Previous articles in the series on equipment selection for single-shot hardening are here (part 1) and here (part 2). To see the earlier articles in the Induction Hardening series at Heat TreatToday as well as other news about Dr. Rudnev, click here.
Single-Shot Inductors for Non-Cylinder Parts
Single-shot inductors can be successfully used for hardening not only components of classical cylinder geometries but other geometries as well. This includes workpieces of general conical shapes, such as elliptic, parabolic, hyperbolic geometries—and the list can grow. As an example, Figure 1 shows induction surface-hardened ball joints (ball studs) and the single-shot inductors used to harden them. Ball studs are used in automotive, off-road, and agricultural machinery and can be different in shape and size (Compare images on the left in Figure 1 with images on the right.), requiring noticeably different hardness patterns.
Figure 1. Surface-hardened ball joints (ball studs) and single-shot inductors used for its hardening. (Courtesy of Inductoheat Inc., an Inductotherm Group company.)

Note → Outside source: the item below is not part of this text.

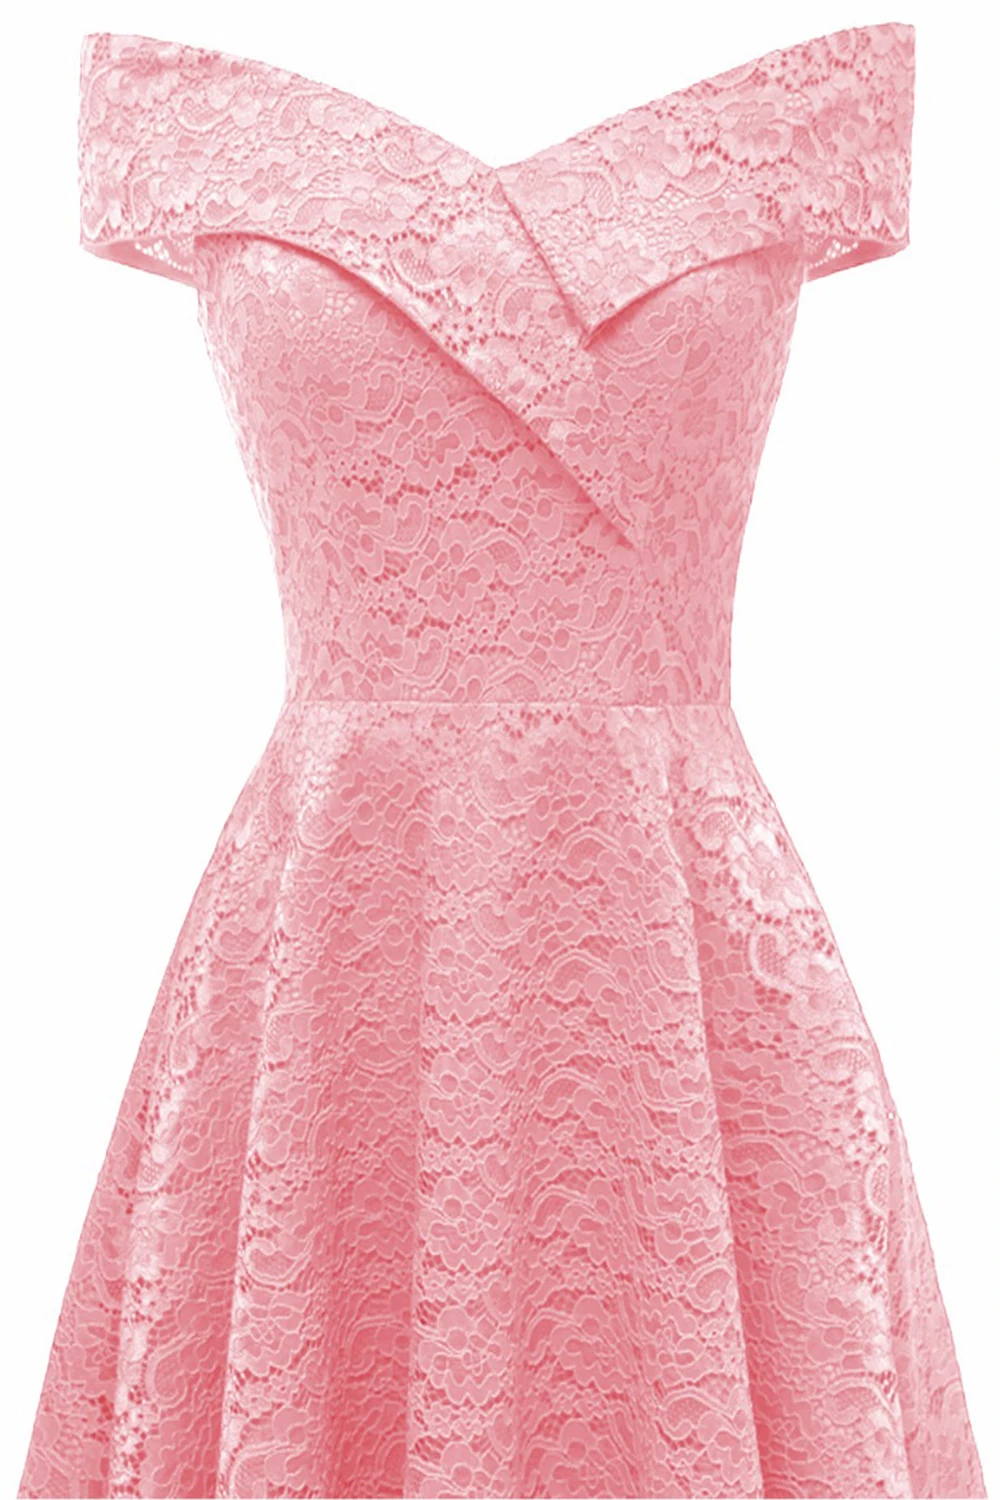 Стиль; милые короткие вечерние платья размера плюс с кружевами; цвет розовый цвет красного вина вечерние торжественное платье Встреча выпускников/корпоративы Выпускной платья Robe De Soiree

In any attempt to scan harden workpieces with appreciable diameter changes, the scan coil must have a sufficient gap to clear the largest diameter. When scanning the section(s) of the workpiece with smaller diameters, an inductor-to-shaft air gap might be very large, resulting in low electrical efficiency and potentially exhibiting difficulties in load matching as well as in controlling the austenitizing pattern along the length of the part producing "cold" and "hot" spots. Additional difficulties may appear in controlling the hardness pattern in regions (e.g., near geometrical irregularities) where good control is most needed.
Thus, the substantially different workpiece-to-inductor electromagnetic coupling variations might not permit using classical multiturn solenoid coils or scan inductors. In contrast, single-shot inductors allow not only better electromagnetic coupling along the entire length of heat treated components (Figure 2) but also better address the geometrical irregularities of heat treated workpieces, producing the required hardness patterns at minimum process times with superior metallurgical quality.
Figure 2. Single-shot inductors allow better electromagnetic coupling along the length of heat treated components properly addressing the geometrical complexity of the workpiece. (Courtesy of Inductoheat Inc., an Inductotherm Group company.)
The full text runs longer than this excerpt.